Where an image appears, leave it out; otherwise repeat the data exactly.

### Input data

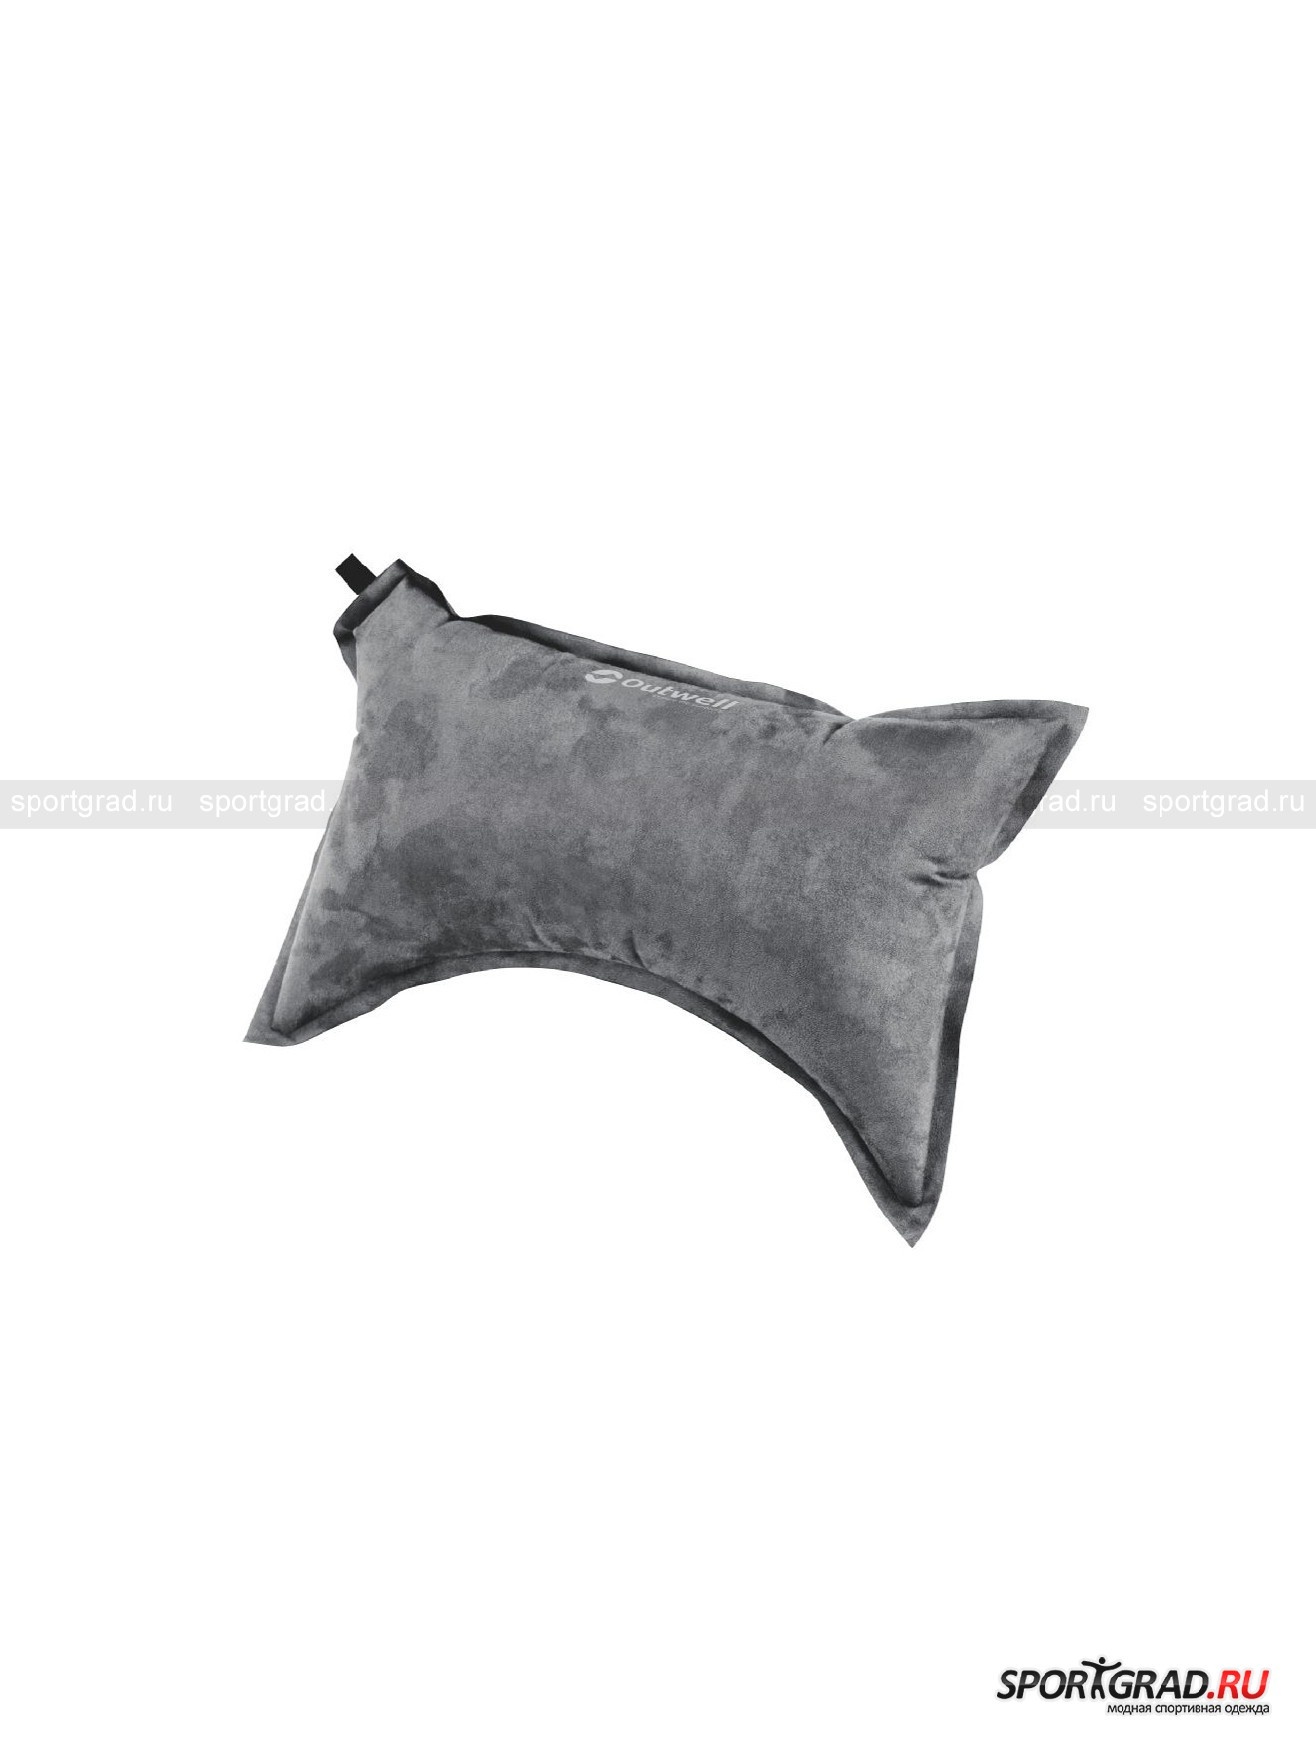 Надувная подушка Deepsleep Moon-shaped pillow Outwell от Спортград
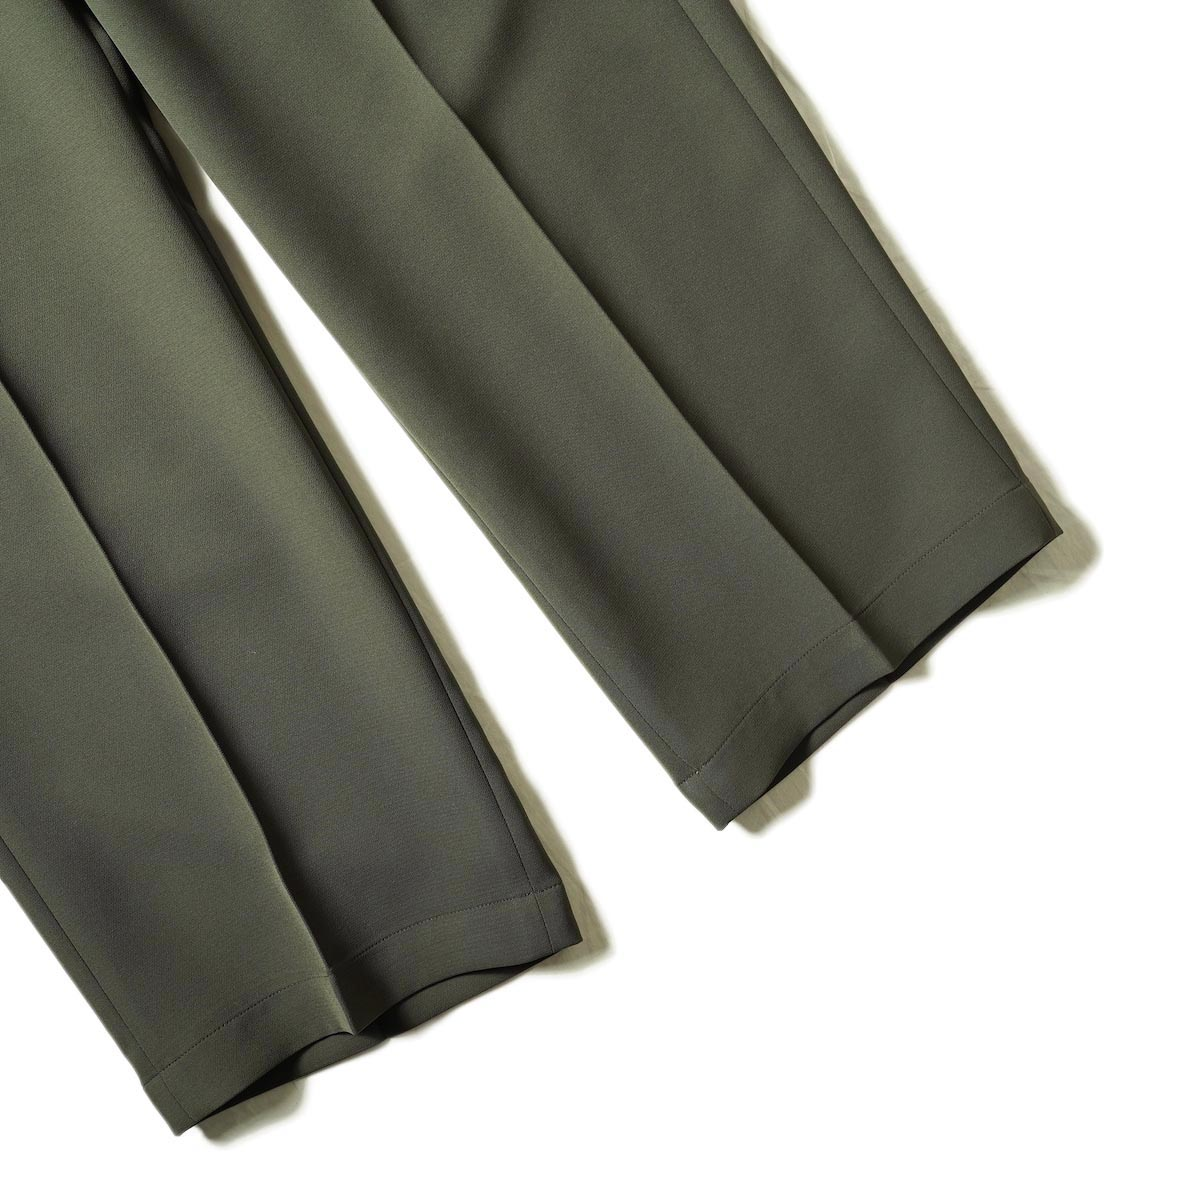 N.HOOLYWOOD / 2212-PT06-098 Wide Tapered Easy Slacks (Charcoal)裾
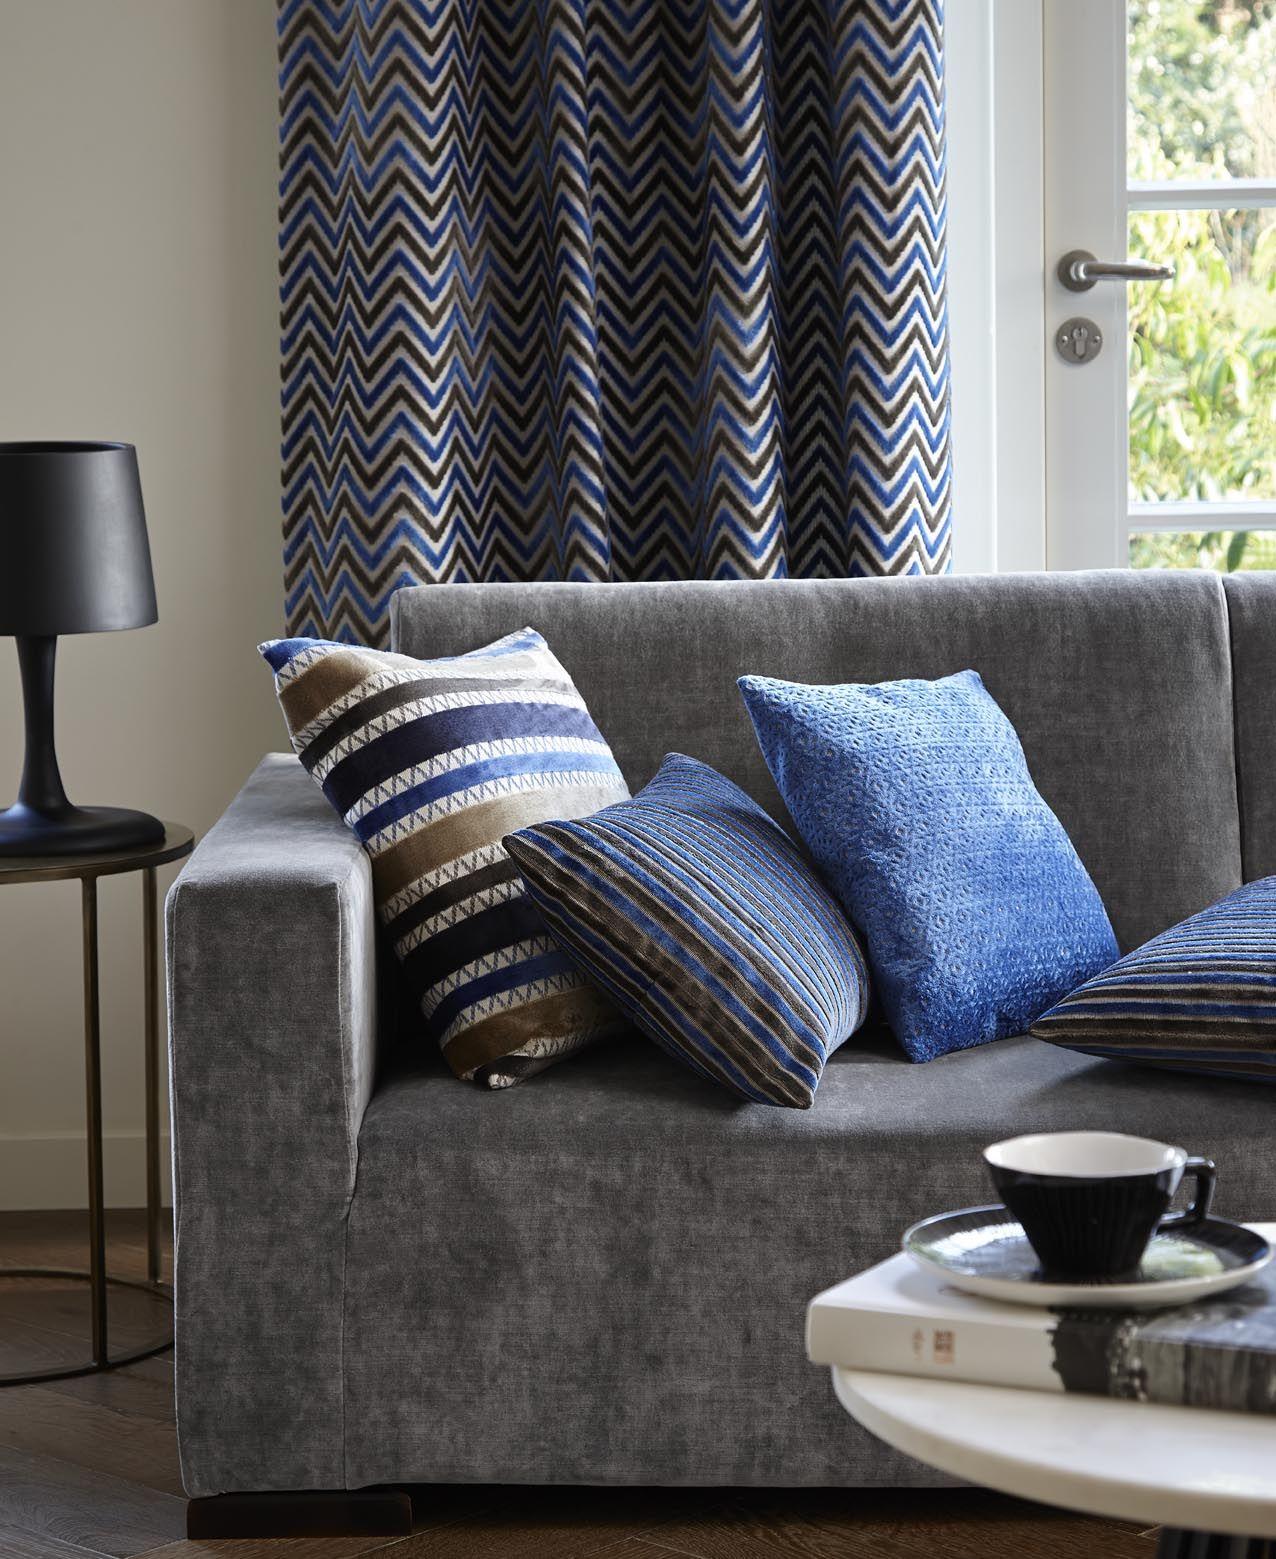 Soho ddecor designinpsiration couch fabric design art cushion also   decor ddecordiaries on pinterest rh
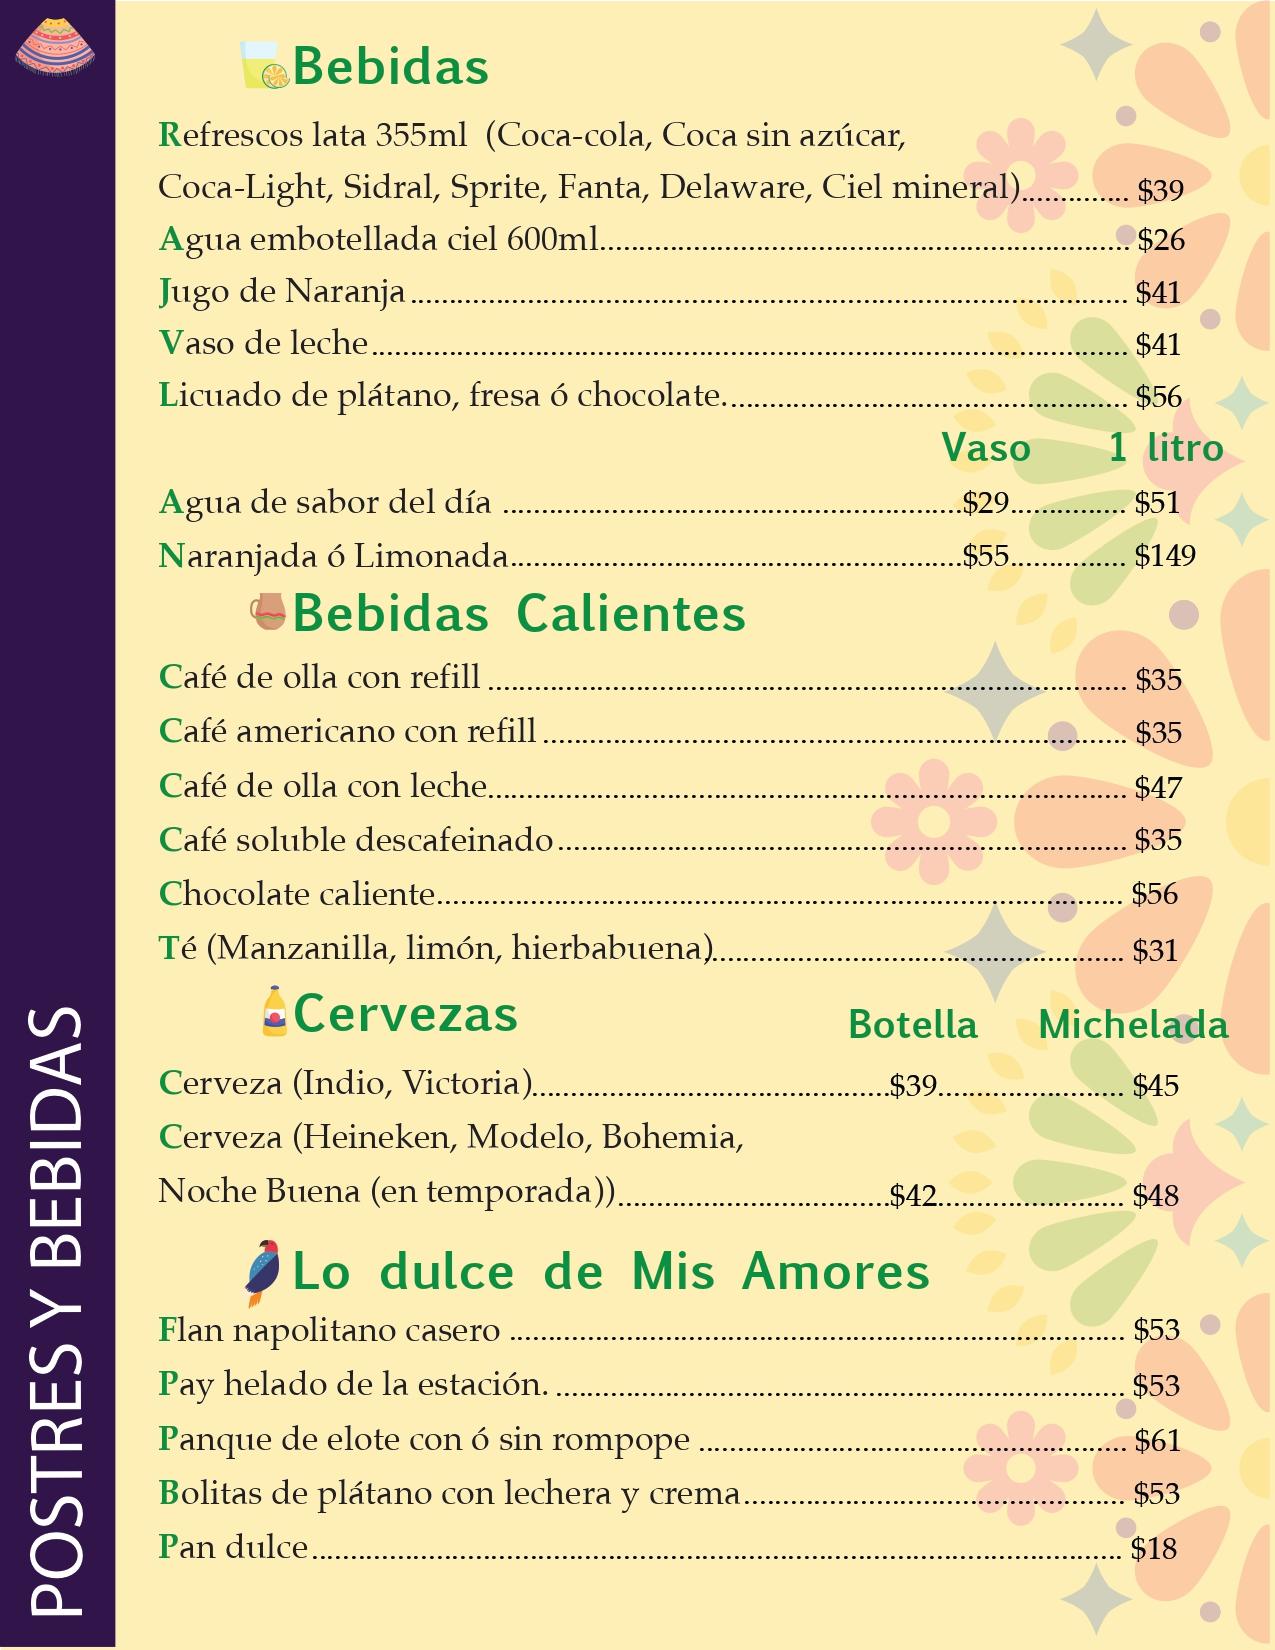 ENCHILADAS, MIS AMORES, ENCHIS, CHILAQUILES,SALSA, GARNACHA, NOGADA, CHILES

######

# Exercise response
 Надувная подушка Deepsleep Moon-shaped pillow Outwell от Спортград
 N.HOOLYWOOD / 2212-PT06-098 Wide Tapered Easy Slacks (Charcoal)裾
 Soho ddecor designinpsiration couch fabric design art cushion also   decor ddecordiaries on pinterest rh
 ENCHILADAS, MIS AMORES, ENCHIS, CHILAQUILES,SALSA, GARNACHA, NOGADA, CHILES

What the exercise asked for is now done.